- Vivien Spitz, from a photo taken during the Nuremberg trials.
- Born: Vivien Ruth Putty 1924 Montana
- Died: April 1, 2014 Texas
- Notable work: Court reporter at the Nuremberg trials (1946-1948); court reporter in the United States House of Representatives (1972-1982)

= Vivien Spitz =

American court reporter

Vivien Spitz (1924 – April 1, 2014), born Vivien Ruth Putty, was an American court reporter at the Nuremberg trials after World War II. From 1972 to 1982, she was Chief Reporter of Debates in the United States House of Representatives.

==Early life==
Vivien Ruth Putty was born in Montana and raised in Woodstock, Illinois. She supported herself, her widowed mother Kathryn Putty and two younger siblings as a switchboard operator in her teens, before World War II, and learned to take dictation to improve her job prospects. During the war, she graduated from Gregg College in Chicago, where she trained as a court reporter.

==Career==
Putty worked as a court reporter in Detroit after completing her training in Chicago. From 1946 to 1948, she was a civilian employee of the United States Army, assigned to the Subsequent Proceedings trial at Nuremberg, to transcribe the testimony of twenty Nazi doctors and their assistants. "I just had the feeling that I never saw such evil faces in my life, and eyes," she recalled. She later experienced recurrent nightmares from the overwhelming images she transcribed.

Spitz became a court reporter in Denver, and was the first woman to serve as Official Reporter of Debates in the United States Senate. For ten years, from 1972 to 1982, she was Chief Reporter of Debates for the United States House of Representatives. She was a fellow of the Academy of Professional Reporters of the National Court Reporters Association.

In retirement, Spitz lived in Aurora, Colorado. In the mid-1980s, she was outraged by reports of a local school teacher calling the Holocaust a hoax. She joined the University of Denver Holocaust Awareness Institute's Speakers Bureau, and toured as a lecturer, speaking to community groups about the Nuremberg trials. She helped to found the University of Colorado Holocaust Contemporary Bioethics Program.

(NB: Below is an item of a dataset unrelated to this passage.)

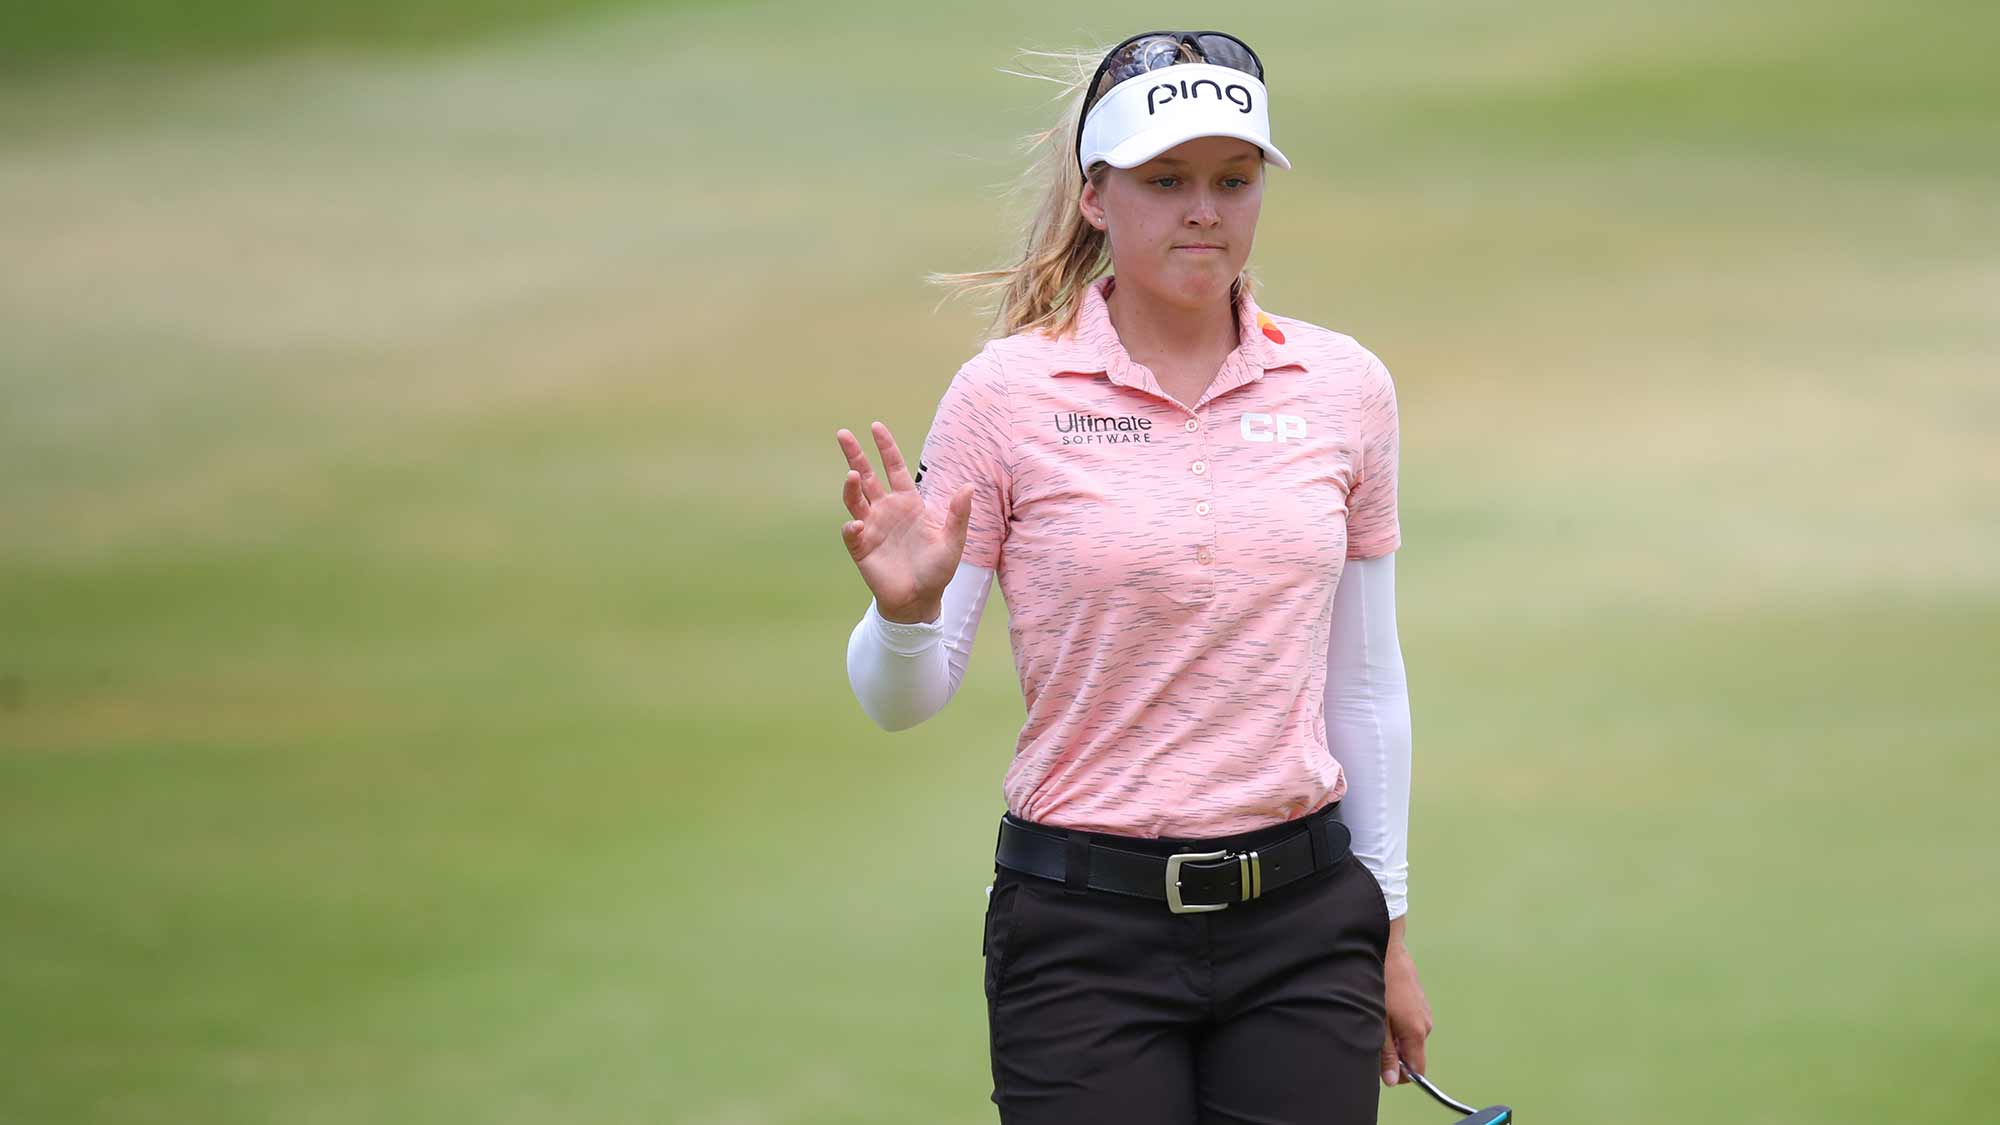 Brooke Henderson of Canada waves to fans after her eagle putt on the fifth green during the final round of the LOTTE Championship at Ko Olina Golf Club on April 21, 2019 in Kapolei, Hawaii

Spitz published a memoir, Doctors from Hell, The Horrific Account of Nazi Experiments on Humans (2005). In 2006, Spitz was inducted into the Colorado Women's Hall of Fame.

==Personal life==
Vivien Putty married Ellis Spitz, a military police officer she met in Nuremberg. They had two sons, John and Peter. Spitz died in Texas in 2014, aged 89 years. In 2017 she appeared in older footage in the documentary Caring Corrupted: The Killing Nurses of the Third Reich. There is a collection of items donated by Spitz, including transcripts and photographs, in the United States Holocaust Memorial Museum Archives.